Integrated mode routing works in the following way: It sends DECnet Phase IV messages across the network using DECnet Phase V Network layer protocols. Routers receiving DECnet Phase IV packets translate them to OSI CLNP format before forwarding them. Messages destined for DECnet Phase IV systems are translated to Phase IV format only on the last hop of their journey. Integrated mode routing allows routers to route both DECnet Phase IV and Phase V traffic while storing a single network topology in their internal databases.

Under integrated mode, DECnet-Plus systems attempt to send packets in DECnet Phase V format unless:

Integrated mode routing is the only mode supported on OpenVMS systems preceding DECnet/OSI for OpenVMS Version 5.8.

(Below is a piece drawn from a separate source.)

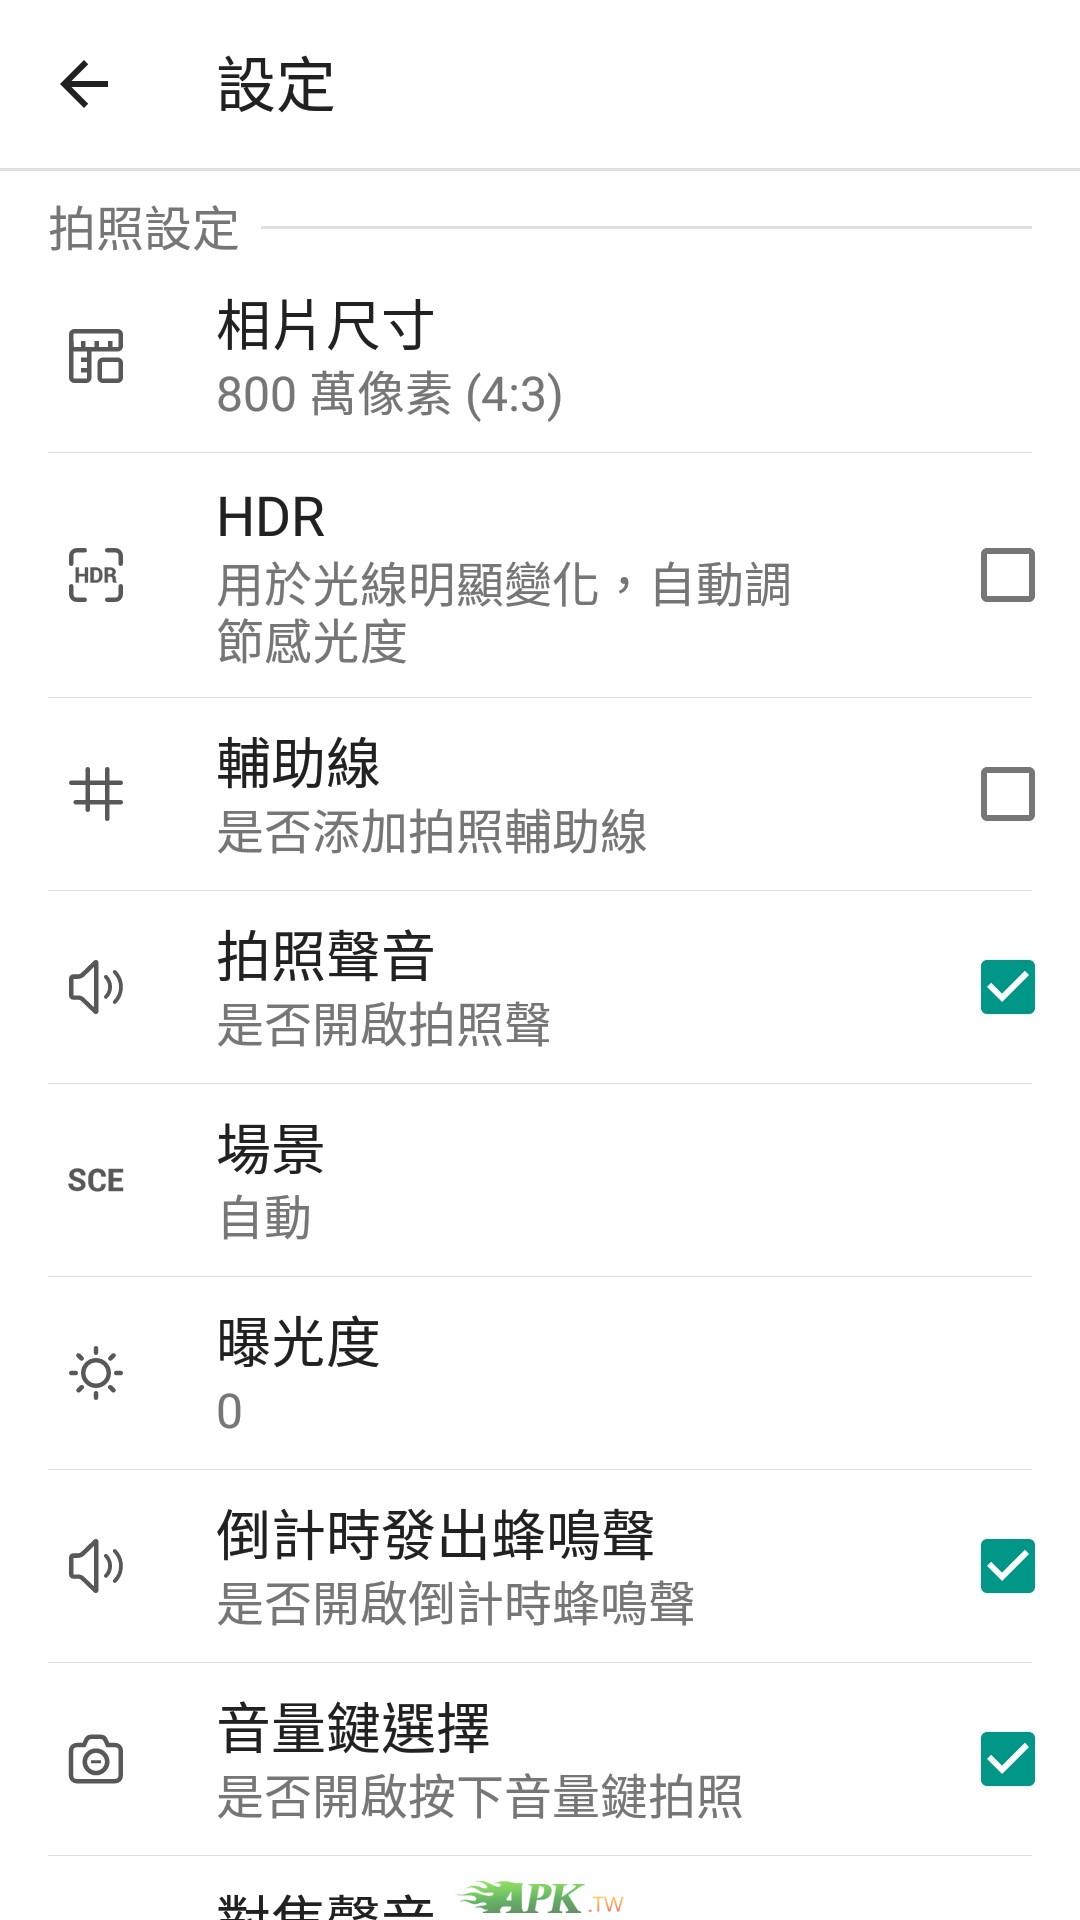 HDCamera_Pro_4.8.1.0_3.jpg

Segregated mode routing handles DECnet Phase IV and Phase V as independent protocols. Routers do not translate messages between DECnet Phase IV and Phase V format. The routers must maintain separate network topologies in their internal databases to handle each type of protocol.

Under segregated mode, DECnet-Plus end systems transmit messages in the Phase IV address format if they have a DECnet Phase IV translatable destination address. All other messages are sent in DECnet Phase V format. If you use non-VSI routers that do not support VSI’s technique of translating DECnet Phase V addresses to DECnet Phase IV, you may want to use segregated mode routing.

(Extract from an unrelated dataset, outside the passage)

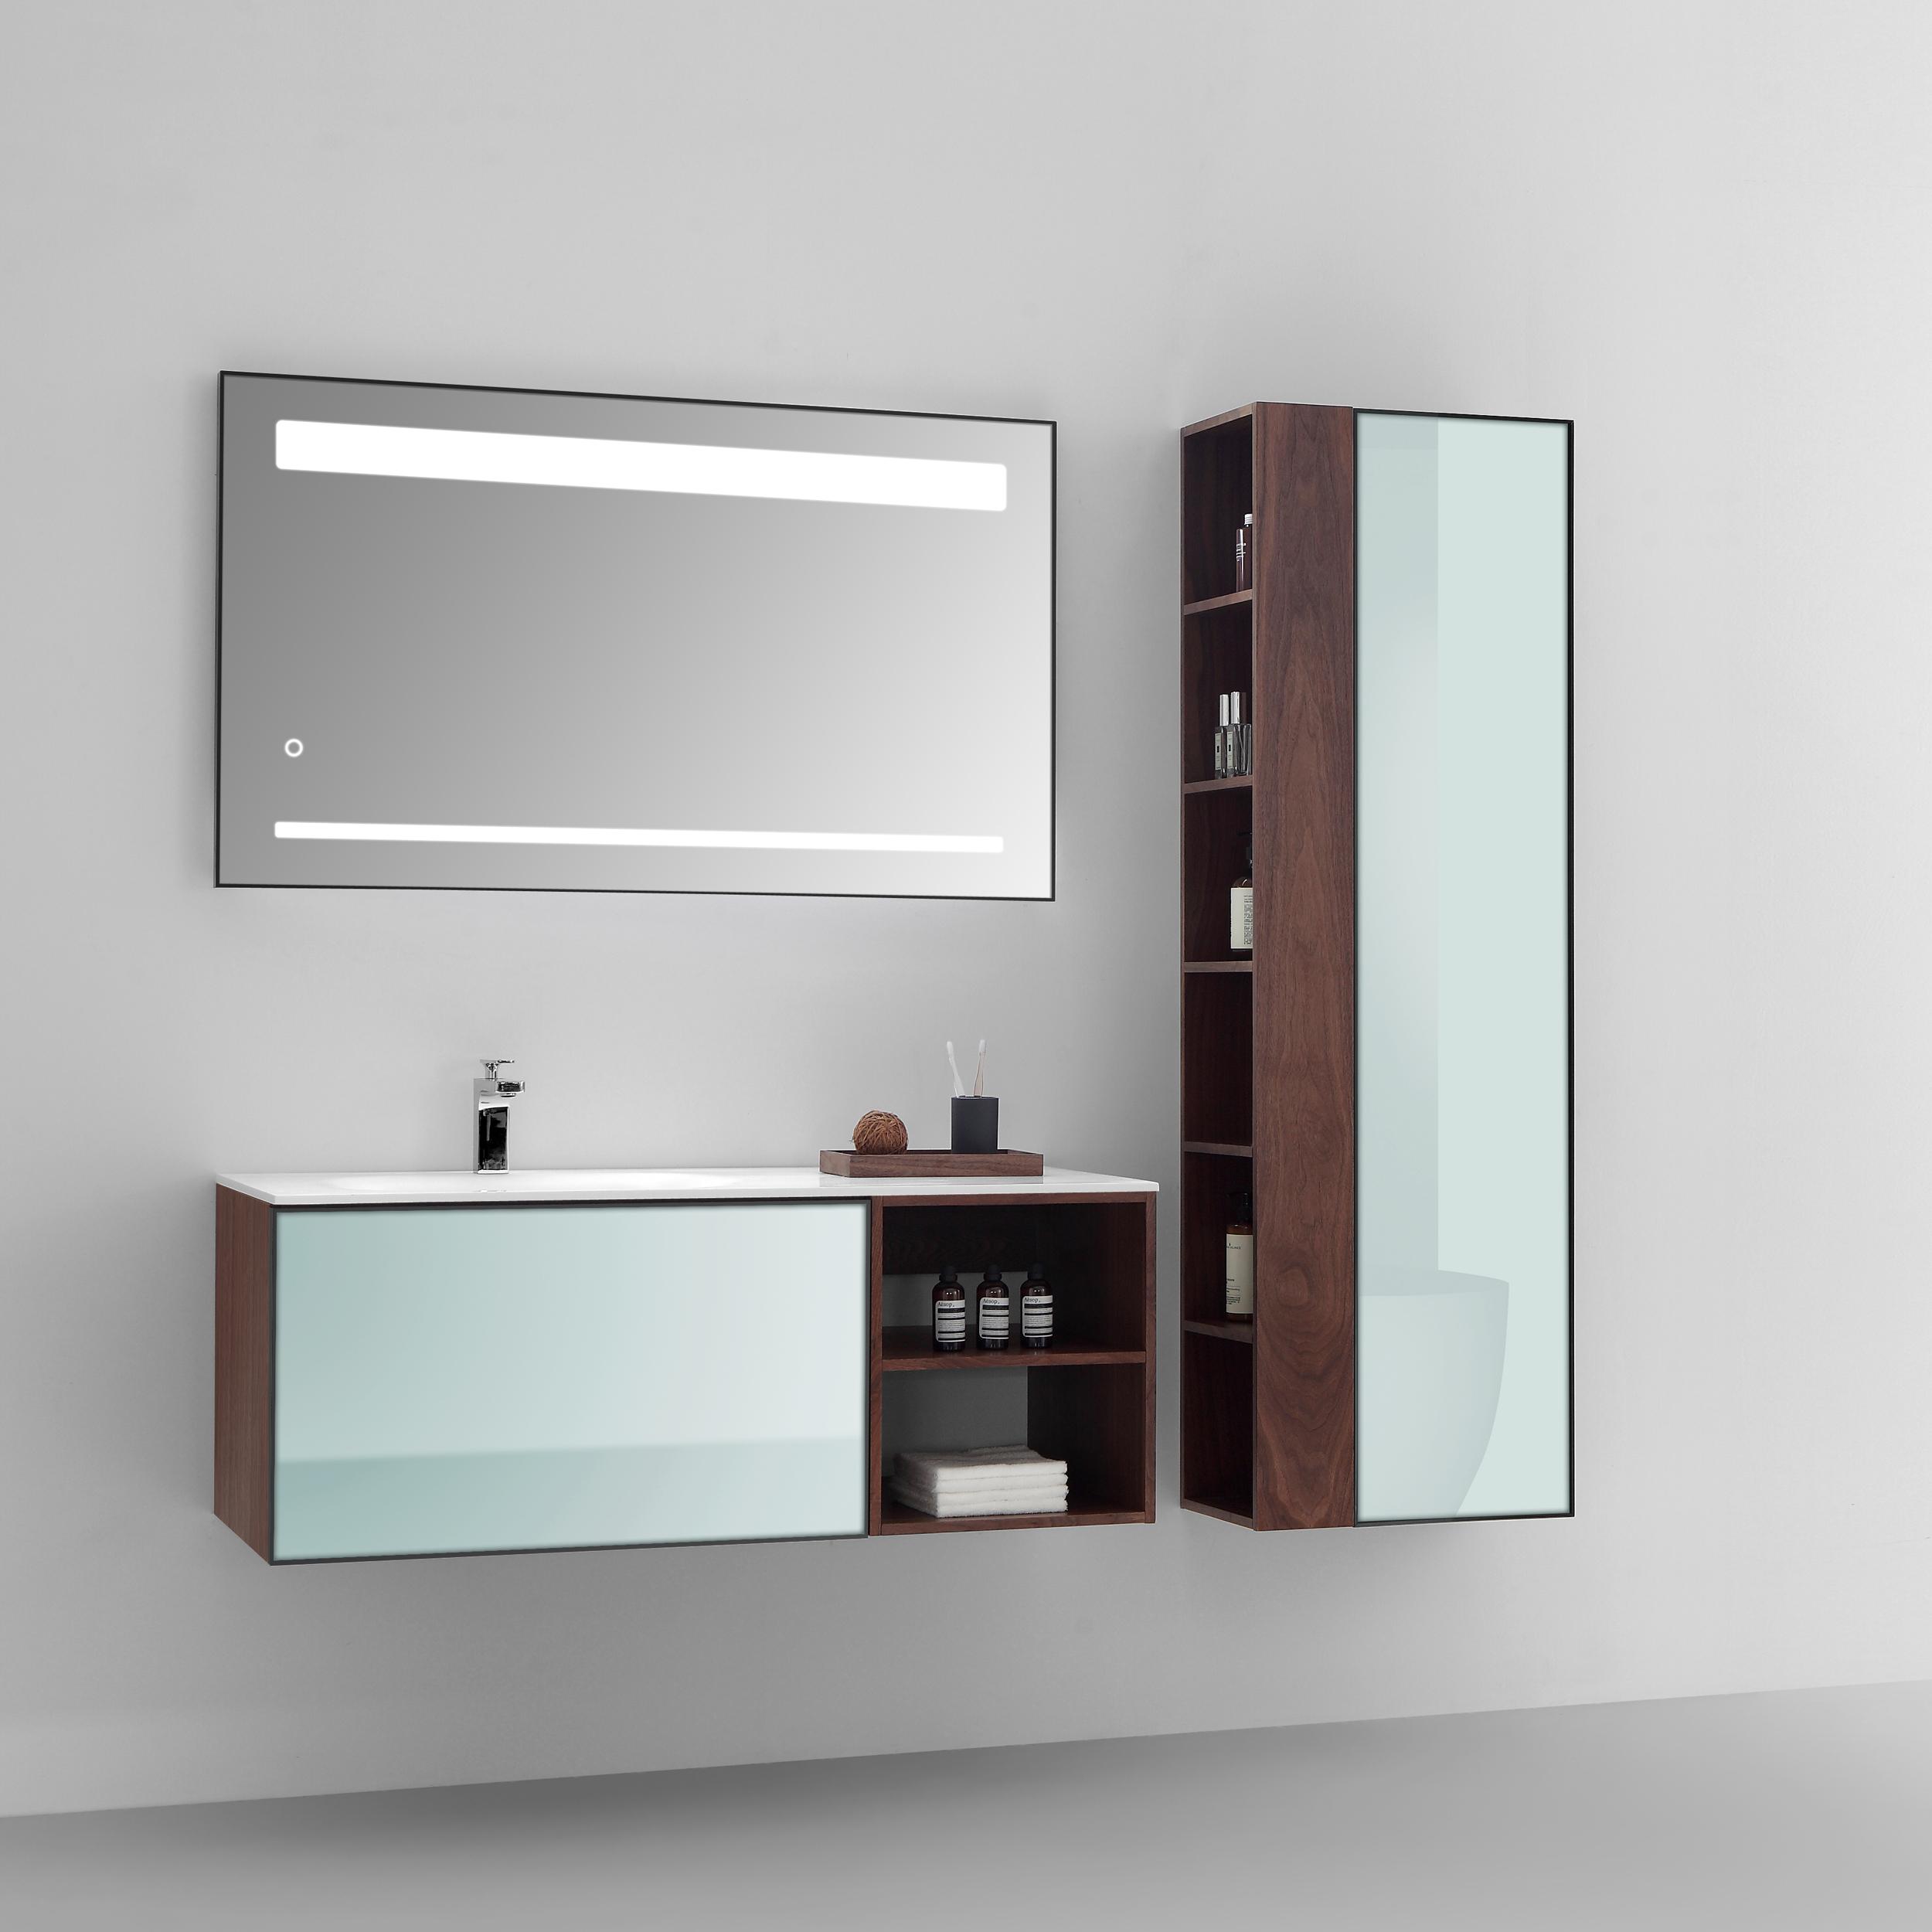 Eviva Napa 48 inch White and Walnut Wall Mount Bathroom Vanity

Integrated mode is the default routing mode. To configure segregated mode, use the advanced configuration procedure or NCL. With NCL, you can switch from the default to segregated mode by setting the routing mode attribute, as in the following commands:

ncl> disable routing
ncl> set routing routing mode = segregated
ncl> enable routing 

Use integrated routing mode in an integrated routing environment where the routers can handle Phase-IV-to-Phase-V or Phase-V-to-Phase-IV packet format conversions. Use segregated routing mode when the adjacent routers cannot perform Phase-IV-to-Phase-V or Phase-V-to-Phase-IV packet conversions.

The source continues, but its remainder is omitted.